CRAY XC30 Using the Batch System SLURM

Introduction

The only way to start a parallel job on the compute nodes of this system is to use the batch system. The installed batch system is based on

the resource management system SLURM (Simple Linux Utility for Resource Management)

SLURM is designed to operate as a job scheduler over Cray's Application Level Placement Scheduler (ALPS). Use SLURM's sbatch or salloc commands to create a resource allocation in ALPS. Then use ALPS aprun command to launch parallel jobs within the resource allocation. Additional you have to know on CRAY XC30 the user applications are always launched on the compute nodes using the application launcher, aprun, which submits applications to the Application Level Placement Scheduler (ALPS) for placement and execution!

Detailed information about how to use this system and many examples can be found in Cray Programming Environment User's Guide and Workload Management and Application Placement for the Cray Linux Environment.

ALPS is always used for scheduling a job on the compute nodes. It does not care about the programming model you used. So we need a few general definitions :
- PE : Processing Elements, basically an Unix ‘Process’, can be a MPI Task, CAF image, UPC tread, ...
- numa_node The cores and memory on a node with ‘flat’ memory access, basically one of the 2 Dies on the Intel and the direct attach memory.
- Thread A thread is contained inside a process. Multiple threads can exist within the same process and share resources such as memory, while different PEs do not share these resources. Most likely you will use OpenMP threads.

aprun is the ALPS (Application Level Placement Scheduler) application launcher
- It must be used to run application on the XC compute nodes interactively and in a batch job
- If aprun is not used, the application is launched on the MOM node (and will most likely fail)
- aprun man page contains several useful examples at least 3 important parameter to control:
  - The total number of PEs: -n
  - The number of PEs per node: -N
  - The number of OpenMP threads: -d (the 'stride' between 2 PEs in a node
sbatch is the SLURM submission command for batch job scripts.

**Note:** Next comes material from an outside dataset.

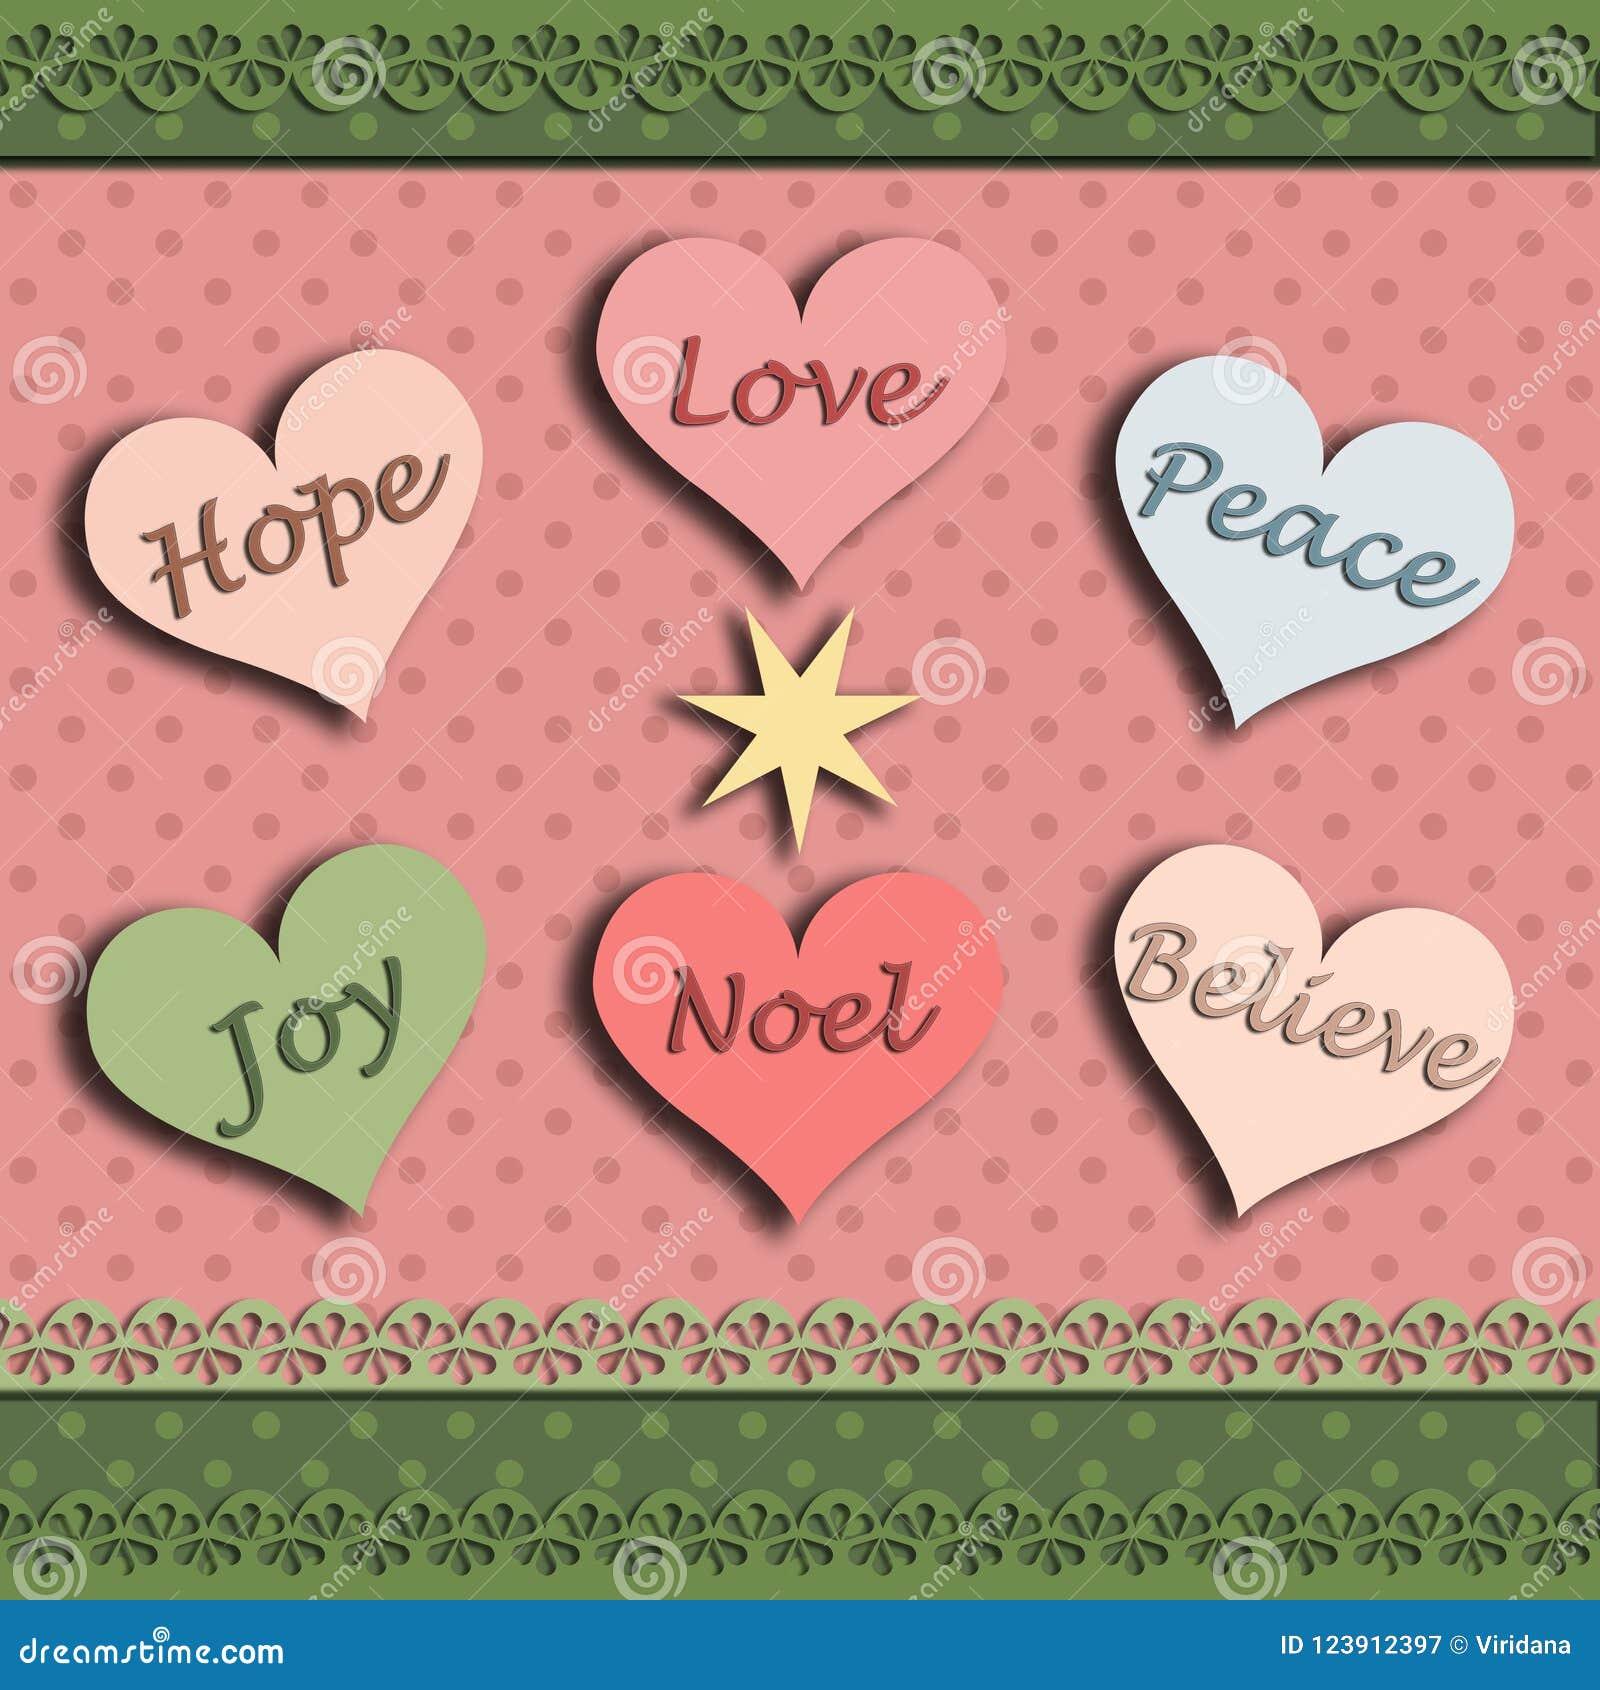 Christmas Card With The Word Hope Joy Love Believe Peace Noel Stock

Writing a batch submission script is typically the most convenient way to submit your job to the batch system. You generally interact with the batch system in two ways: through options specified in job submission scripts (these are detailed below in the examples) and by using slurm commands on the login nodes. There are some main commands used to interact with slurm:

sbatch is used to submit a job script for later execution.
scancel is used to cancel a pending or running job or job step. It can also be used to send an arbitrary signal to all processes associated with a running job or job step.
sinfo reports the state of partitions and nodes managed by SLURM. It has a wide variety of filtering, sorting, and formatting options.
squeue reports the state of jobs or job steps. It has a wide variety of filtering, sorting, and formatting options. By default, it reports the running jobs in priority order and then the pending jobs in priority order.
srun is used to submit a job for execution or initiate job steps in real time.
salloc is used to allocate resources for a job in real time.
sacct is used to report job or job step accounting information about active or completed jobs.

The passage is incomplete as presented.